L’altare si presenta come un parallelepipedo in pietra d'Istria, le cui dimensioni (1,44 x 0,90 x 0,88 m) sono perfettamente calibrate intorno a rapporti di sezione aurea. La lastra superiore che fungeva da mensa è andata distrutta, mentre straordinariamente leggibili ed integri permangono i prospetti laterali che ripropongono ornati e soggetti religiosi alla sommità dei quali scorre un’epigrafe latina. L’iscrizione offre un sintetico ed efficace quadro del contesto culturale dell’opera: il mecenatismo del duca Ratchis, emulazione di una politica già avviata dal padre Pemmone; l’originaria collocazione dell’altare in una «domum beati Iohannis», durante una fase di rinascita architettonica dell’antica Forum Iulii («ubique dei reformarentur»); infine, l’originario aspetto dell’altare, rifinito da impasti policromi («marmoris colore») e collocato al di sotto di un ciborio impreziosito da un oggetto di oreficeria («pendola teguro pulchro»). Conclusa la lettura dell’epigrafe, ruotando intorno all’altare in senso orario con andamento bustrofedico, le scene si presentano secondo l’ordine cronologico del racconto evangelico: la Visitazione di Maria ad Elisabetta, l’Adorazione dei Magi, l’Ascensione di Cristo. Nelle scene le figure sono fortemente bidimensionali e si staccano nettamente dal piano di fondo, che rappresenta quasi un disegno a rilievo.
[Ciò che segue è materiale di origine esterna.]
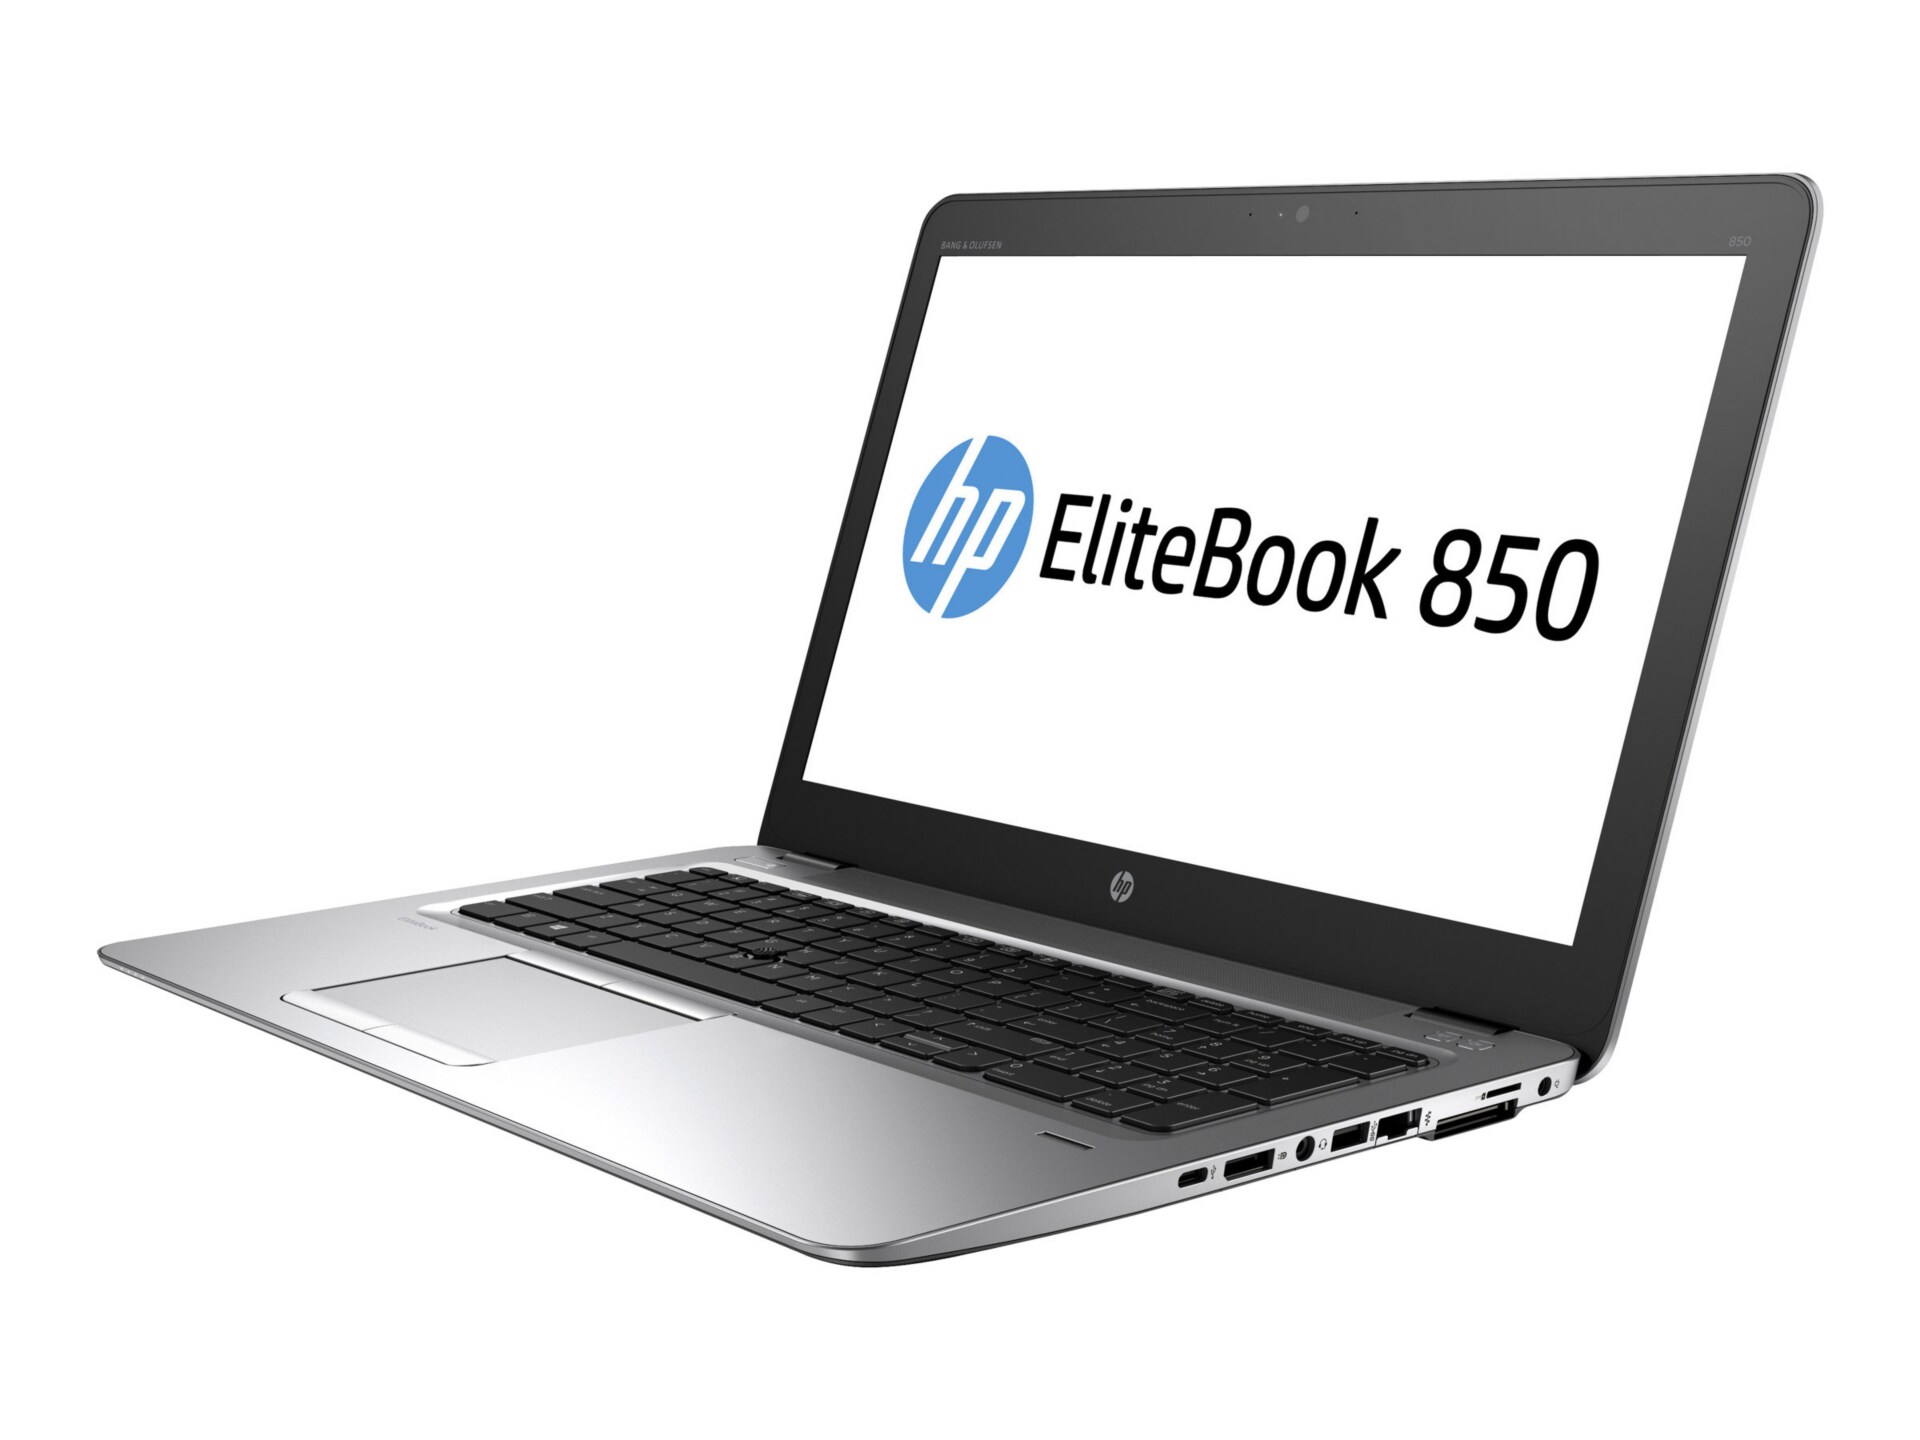 HP EliteBook 850 G3 - 15.6" - Core i7 6600U - 16 GB RAM - 256 GB SSD - US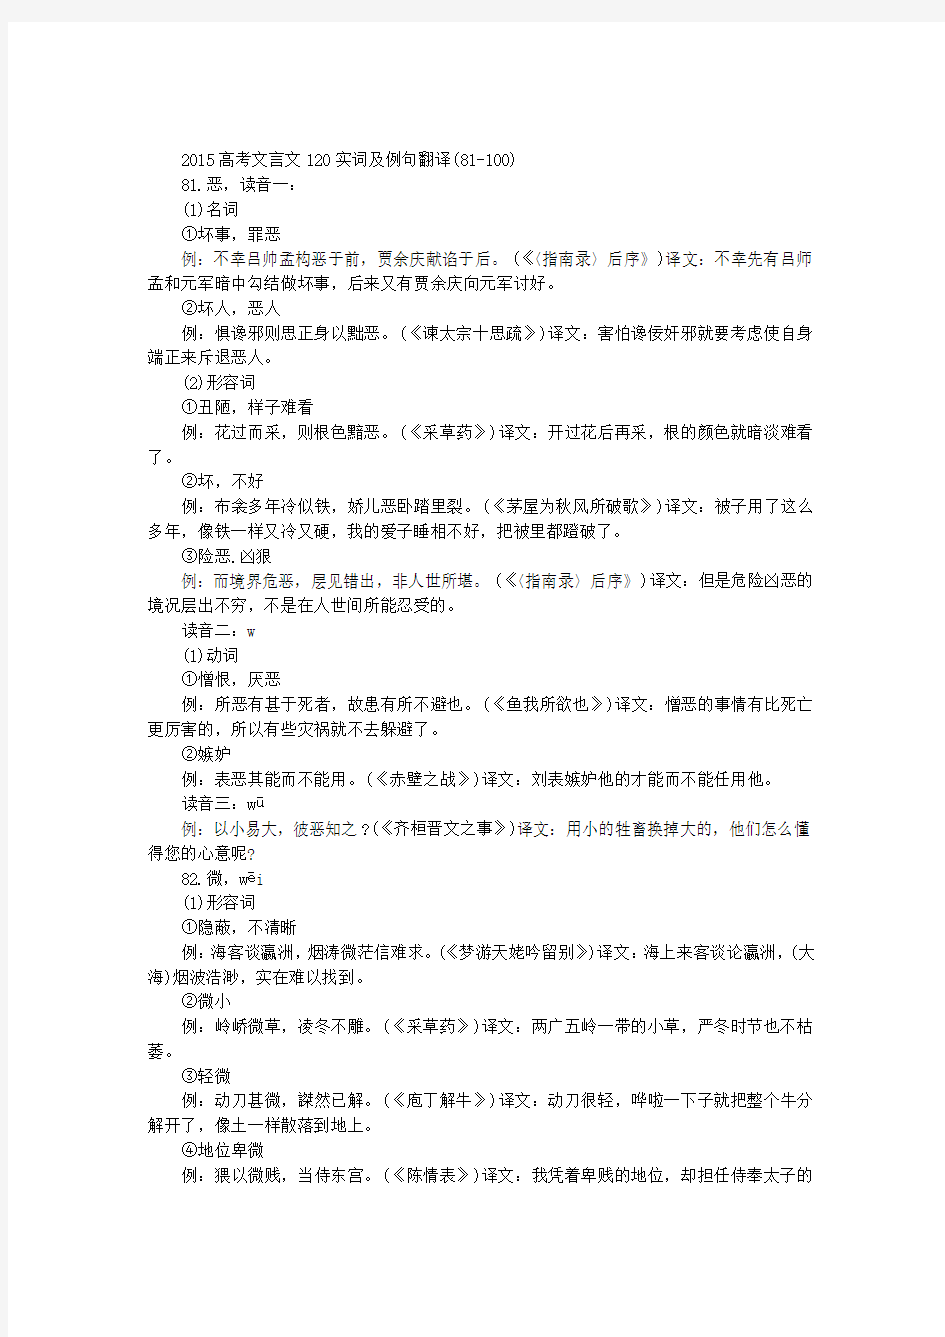 2015高考文言文120实词及例句翻译(81-100)

Coerentemente a uno stile fortemente astrattizzante, distante dalla resa naturalistica tardo antica, le figure umane presentano alcune deformazioni, quali quelle delle grandi mani degli angeli che sorreggono la mandorla centrale. I volti sono caratterizzati dall'assottigliarsi del mento (volti a "pera rovesciata"). L'antinaturalismo formale e il forte rimbalzo cromatico che le superfici avevano un tempo sottolineano con forza il valore sacro e simbolico dell'opera. Si può notare inoltre come la gerarchia dimensionale sia utilizzata, dando una grandezza maggiore ai personaggi di rilievo come Maria e Gesù. I miracolosi concepimenti di Elisabetta e Maria amplificano grandezza e mistero della vicenda del Messia; l’Ascensione di Cristo allude, contemporaneamente, al ritorno di Gesù sulla terra (Ap 4, 2-8) e porge un implicito messaggio di salvezza e redenzione. I soggetti scolpiti ribadiscono la predilezione della committenza per il culto di Maria, madre di Cristo; per Giovanni Battista, precursore della “buona novella” e simbolo di conversione; per Cristo salvator mundi. Ogni lastra è incorniciata da gustosi ornati che ripropongono in chiave geometrizzata repertori decorativi attinti
Coerentemente ai semi stilistico-formali gettati in epoca tardo antica nell’area del bacino del Mediterraneo,
il rilievo della lastra posteriore, l'unica che non presenti figure umane, ha un carattere semplificato ed
intonazioni astrattizzanti; essa ripropone, contemporaneamente, motivi decorativi familiari alla produzione
orafa longobarda e barbarica.
Questo aspetto è particolarmente evidente nelle due grandi croci, ai lati di una nicchia centrale, di foggia
quadrata , che richiamano da vicino la produzione orafa longobarda.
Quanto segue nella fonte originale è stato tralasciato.